Hires after Feb. 1, for fire fighters with less than 20 years of services and new hires, will not be eligible for a return of all their contributions paid into the pension plan, which they were entitled to under the old plan. Fire fighters with at least 20 years service as of Feb. 1 will still see the return of their contributions upon retirement.

Local 73 has made the point several times that over the years fire fighters accepted lower pay in order to see that lump sum return of contributions upon retirement. Facts bear them out: the starting pay for a St. Louis firefighter is $37,514 while the average pay of 30 other comparable cities is $45,516.

Fire fighters are not eligible for Social Security and have no health care in retirement so their pensions are all they have to live on.

Contributions by fire fighters with less than 20 years of service will increase from eight to nine percent. For these younger fighters, this technically means a nine percent cut in pay because under the old system, they would see a return of all contributions paid into the plan upon retirement. For veteran fire fighters with more than 20 years of service, will still have contributions paid into the pension plan returned in a lump sum upon retirement.

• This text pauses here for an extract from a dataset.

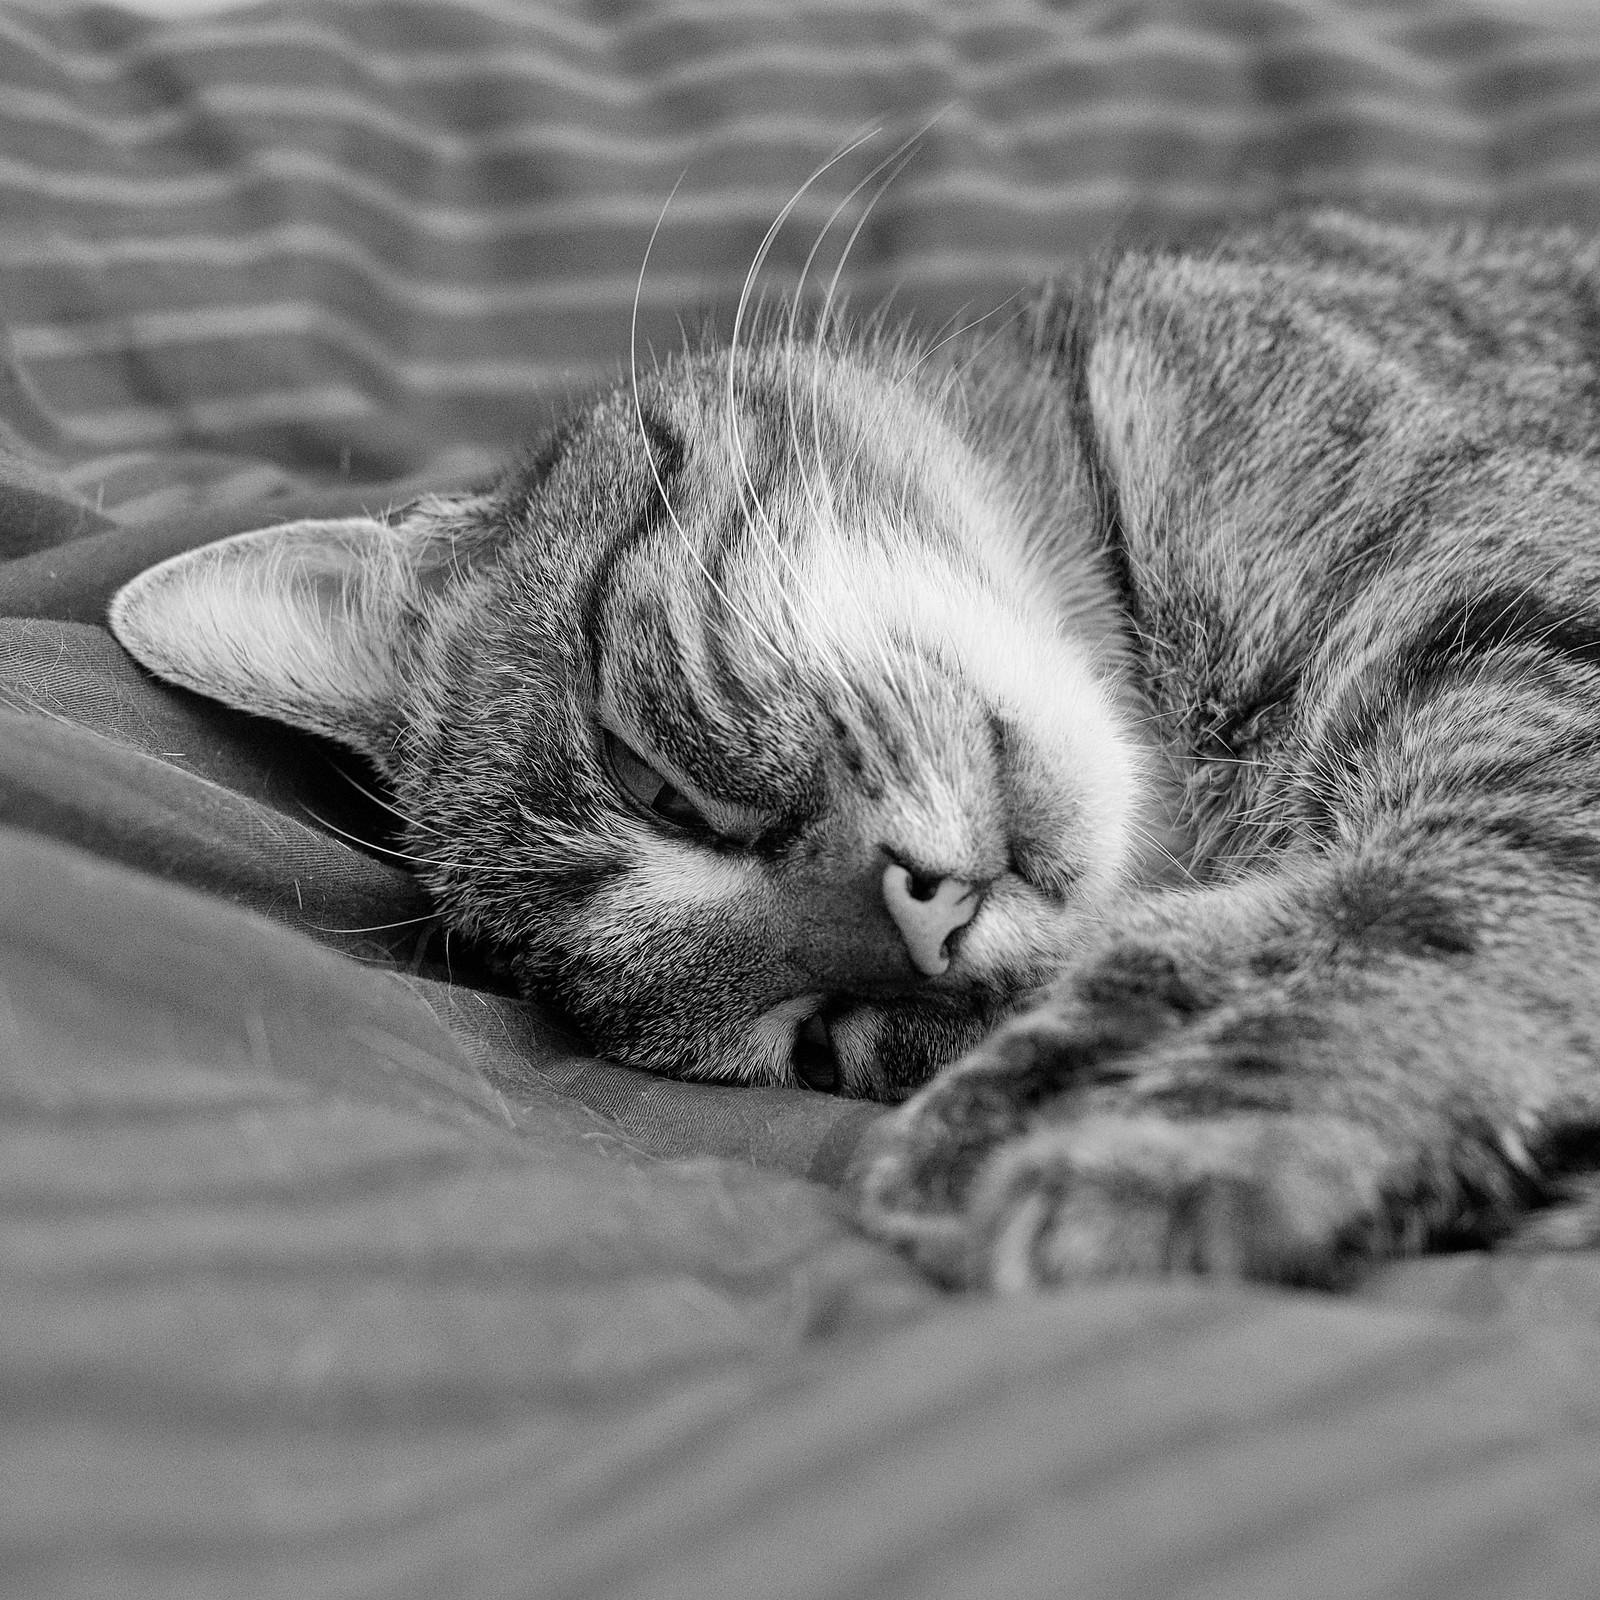 7e2_8051104-sfx-019-sleepy-cat

Tobben noted that the unilateral decision to make fire fighters contribute more violates their contractual rights. He told Missouri Lawyers Weekly, “The issue hasn’t been decided in Missouri, but there’s a pretty big basis of decisional law on the federal constitution that says that if you force people to pay more for the same benefits it’s an impairment of contract.”

The old FRS will cease to exist when all benefits due beneficiaries earned from FRS are fully paid. That could be 50 to 60 years from now.

The FRS trustees have the right to sue the City if it believes the City is making illegal decisions regarding the pension fund. The City tried to make this effort illegal.

Changed disability pension requirements, which were being abused by some. Those who are injured and cannot work will get full disability pensions. Those ruled eligible by a doctor for some work, but not as a fire fighter, would get a reduced disability pension.

Local 73 had twice agreed to similar changes and took them to the state legislature for authorization. However, the City refused to implement the first changes and fought the second set of changes to prevent them from going anywhere in Jefferson City.

Fire fighters retiring before 55 will receive reduced pensions. Under the previous plan, normal retirement at any age paid a full pension.


Tobben told the Labor Tribune that there is still a major issue of contention: can the City establish this new plan without approval of state lawmakers?

He notes that Judge Dierker’s ruling says the old FRS has been terminated but in so doing, it changes the FRS plan, and to change the old plan requires state approval, which has not been granted. “The act of terminating one plan and replacing it with another going forward is actually amending the original plan,” he pointed out.

As for the judge’s agreement on establishing a dual retirement system: “We represent ALL fire fighters, those with 20 years vesting and those who aren’t yet vested, and we’re going to fight for ALL of them,” Alfred stressed.

Originally the City’s first efforts at passing a new pension ordinance called for lower benefits for all fire fighters, regardless of their years of service. That was challenged and the City lost.

The City also attempted to make the FRS trustees personally liable for the cost of lawsuits. They lost that round as well.